### DATA EXCERPT

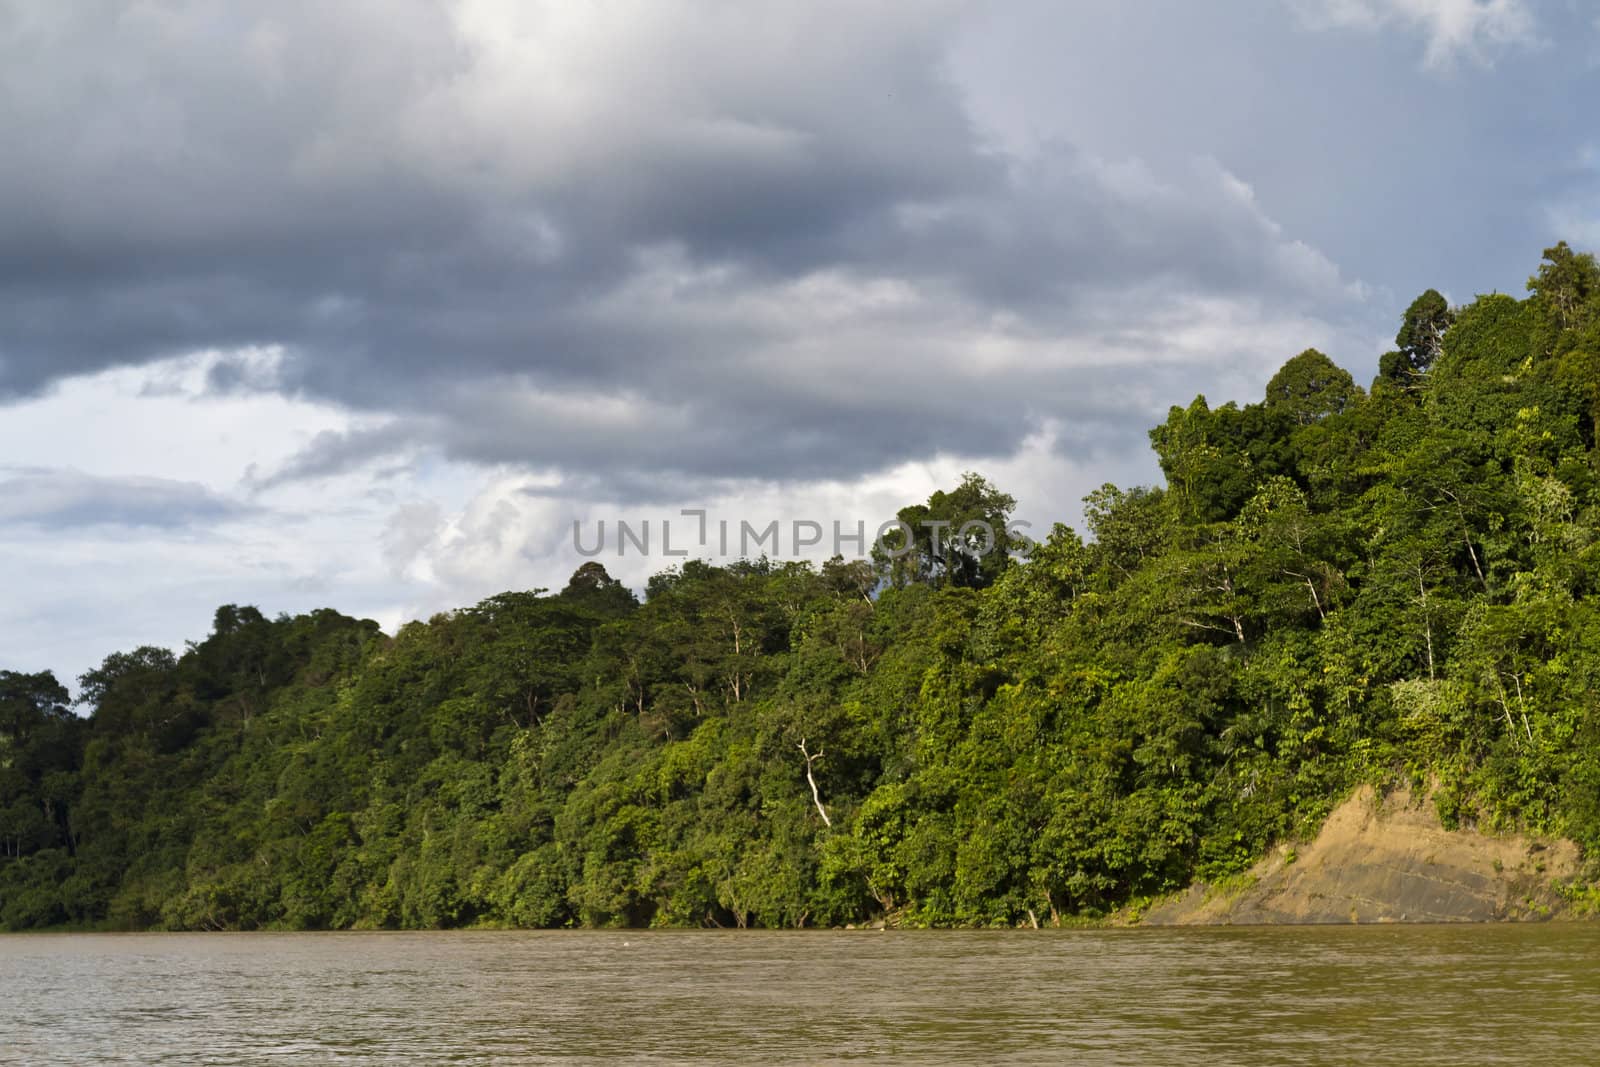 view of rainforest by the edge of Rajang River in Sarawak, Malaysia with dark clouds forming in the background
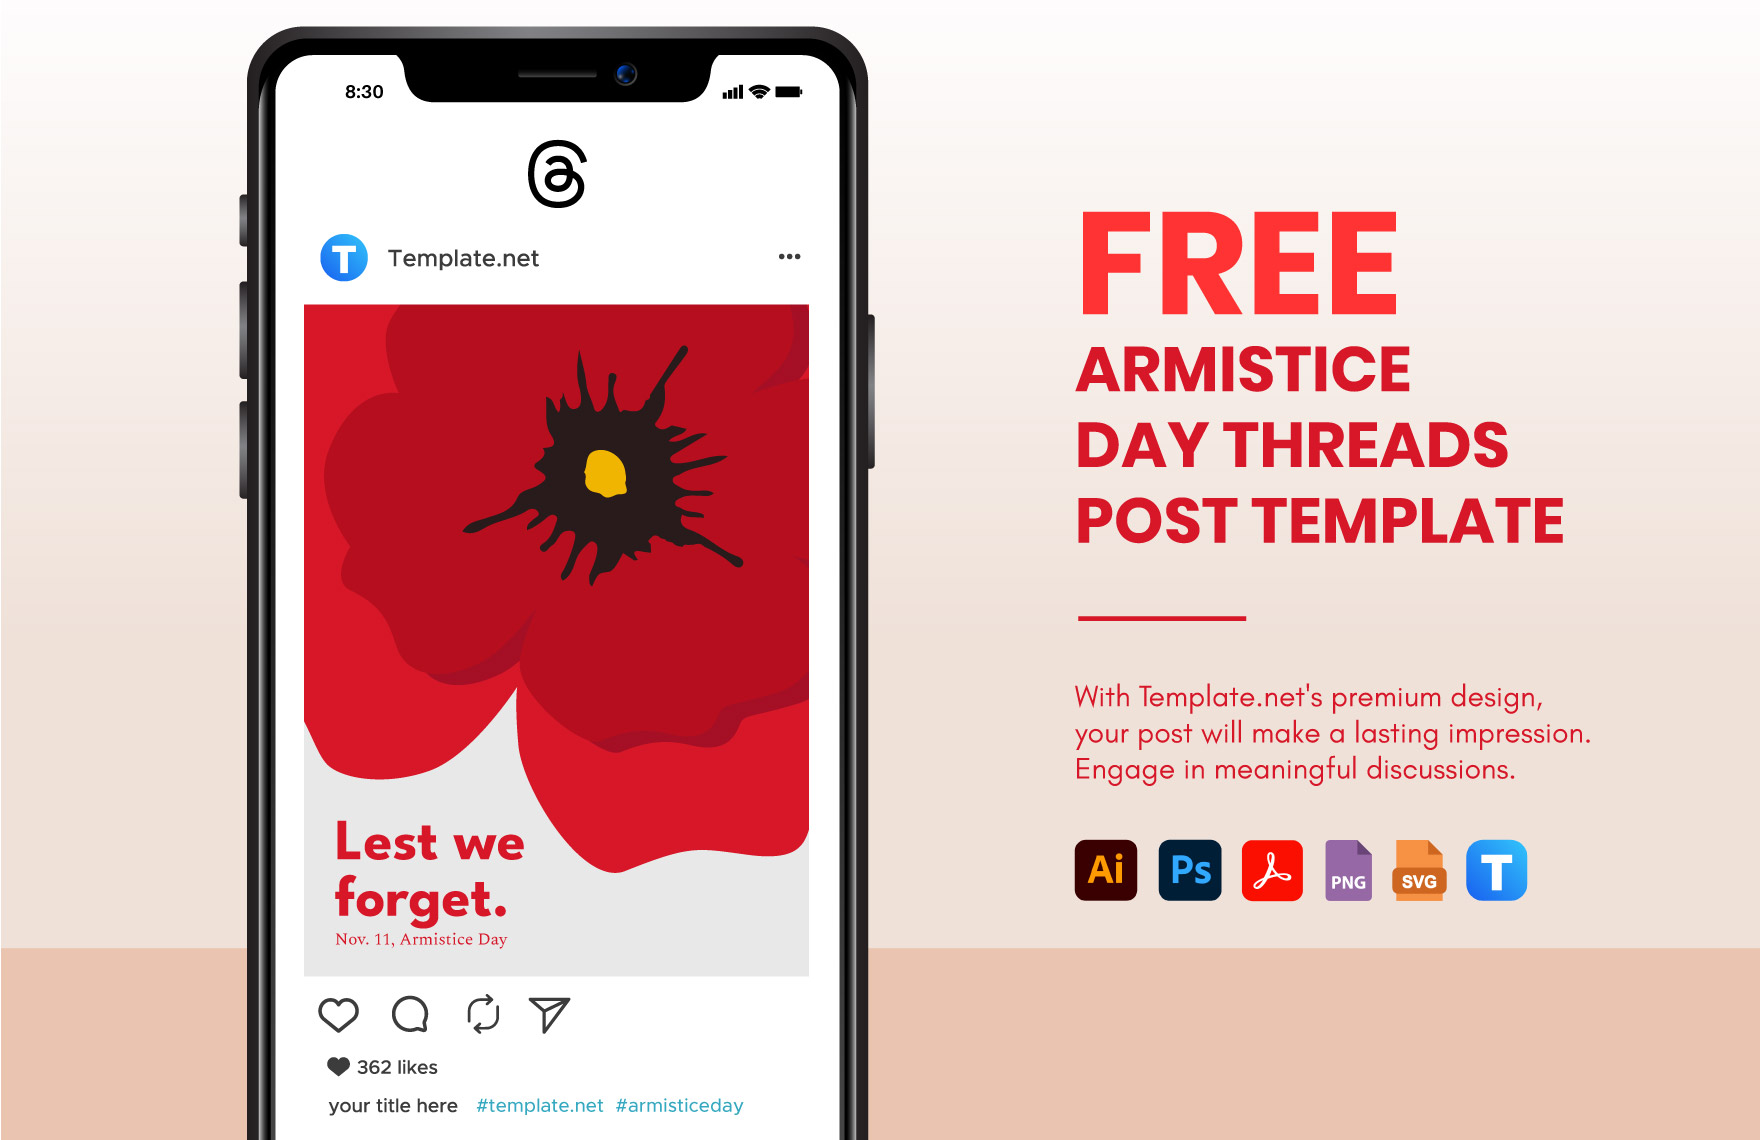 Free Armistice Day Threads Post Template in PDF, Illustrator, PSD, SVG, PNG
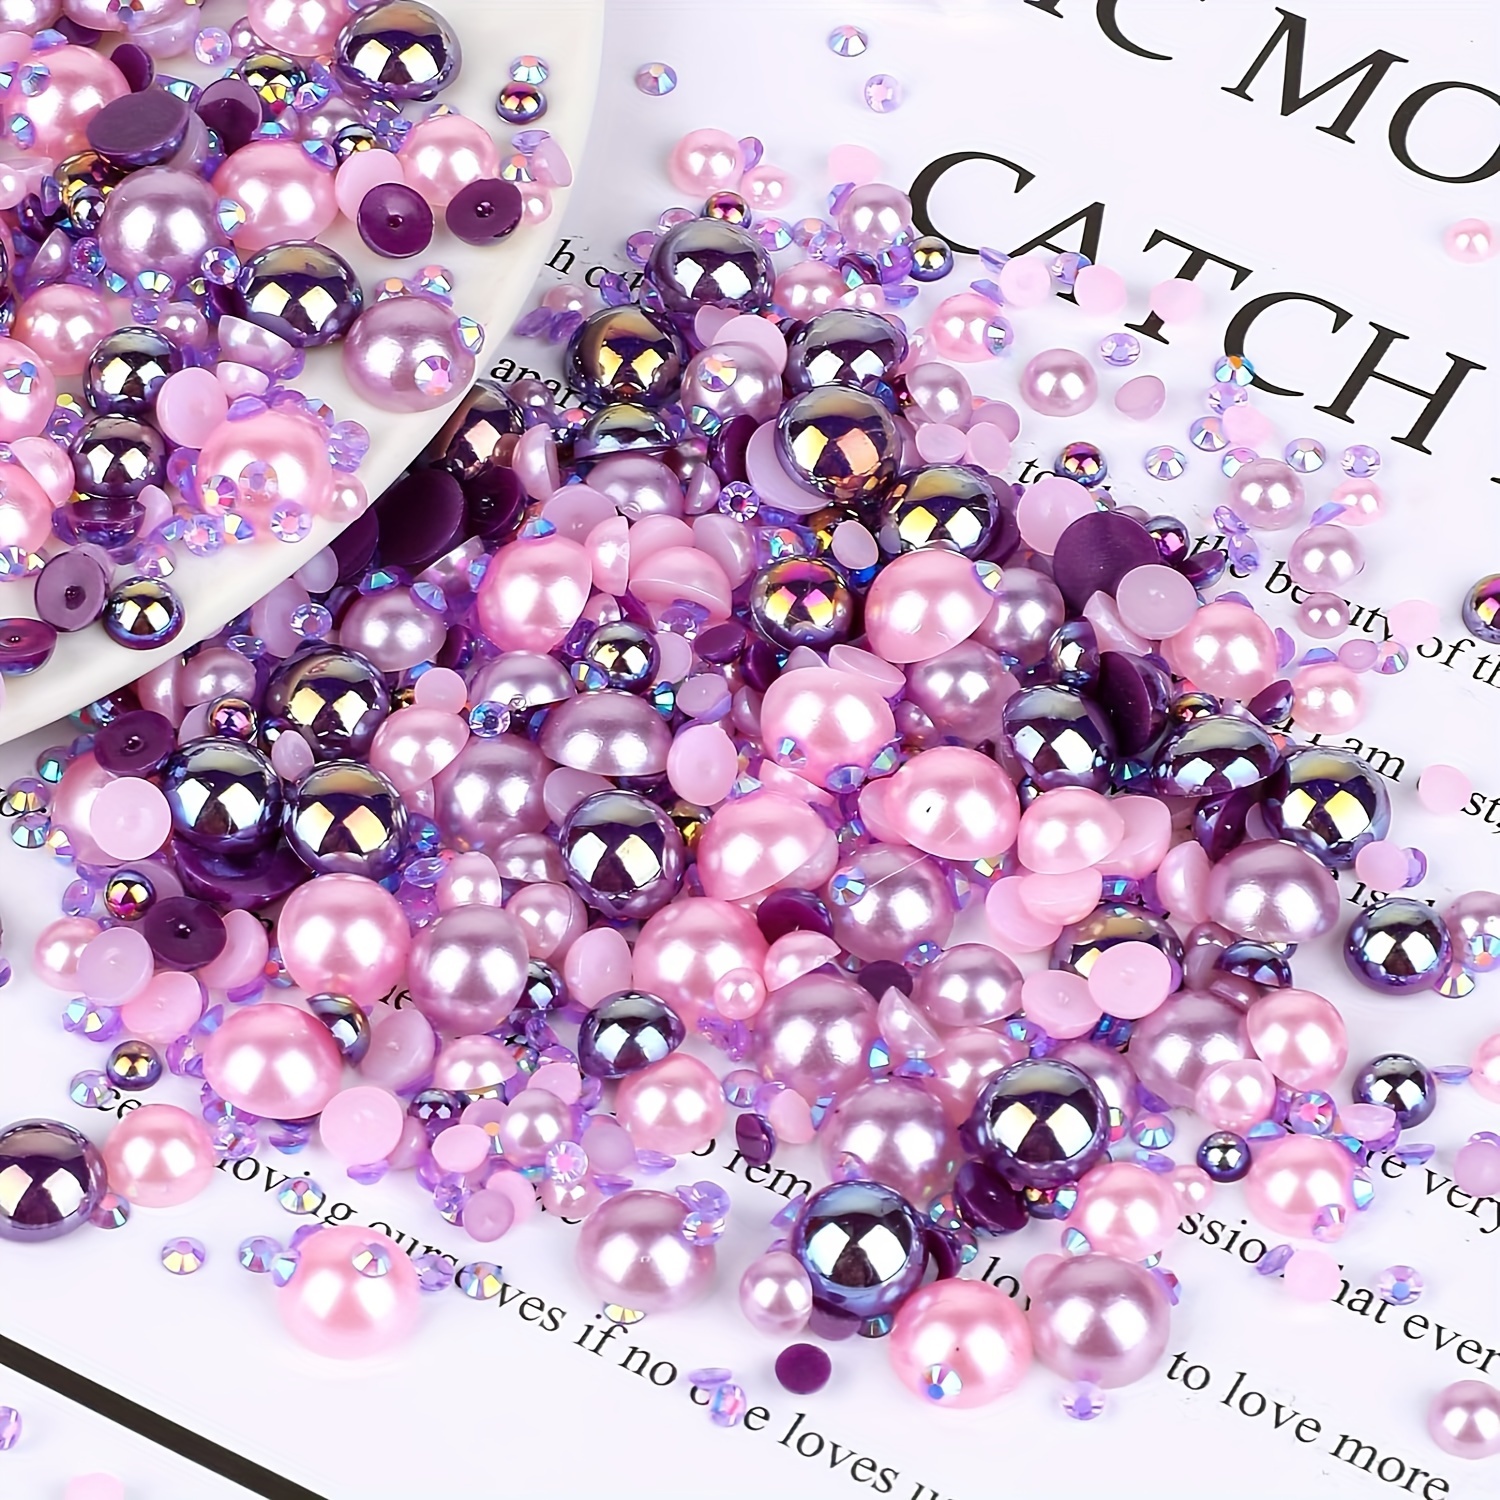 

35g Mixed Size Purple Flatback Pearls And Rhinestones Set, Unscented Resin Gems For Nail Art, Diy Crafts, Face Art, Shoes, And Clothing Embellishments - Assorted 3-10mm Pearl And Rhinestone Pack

### GOAL OF THE EXERCISE
Pictures excluded, copy the lines exactly from where the material starts to the line with "Free Armistice Day", inclusive.

### RESPONSE AREA
 view of rainforest by the edge of Rajang River in Sarawak, Malaysia with dark clouds forming in the background
 Free Armistice Day Threads Post Template in PDF, Illustrator, PSD, SVG, PNG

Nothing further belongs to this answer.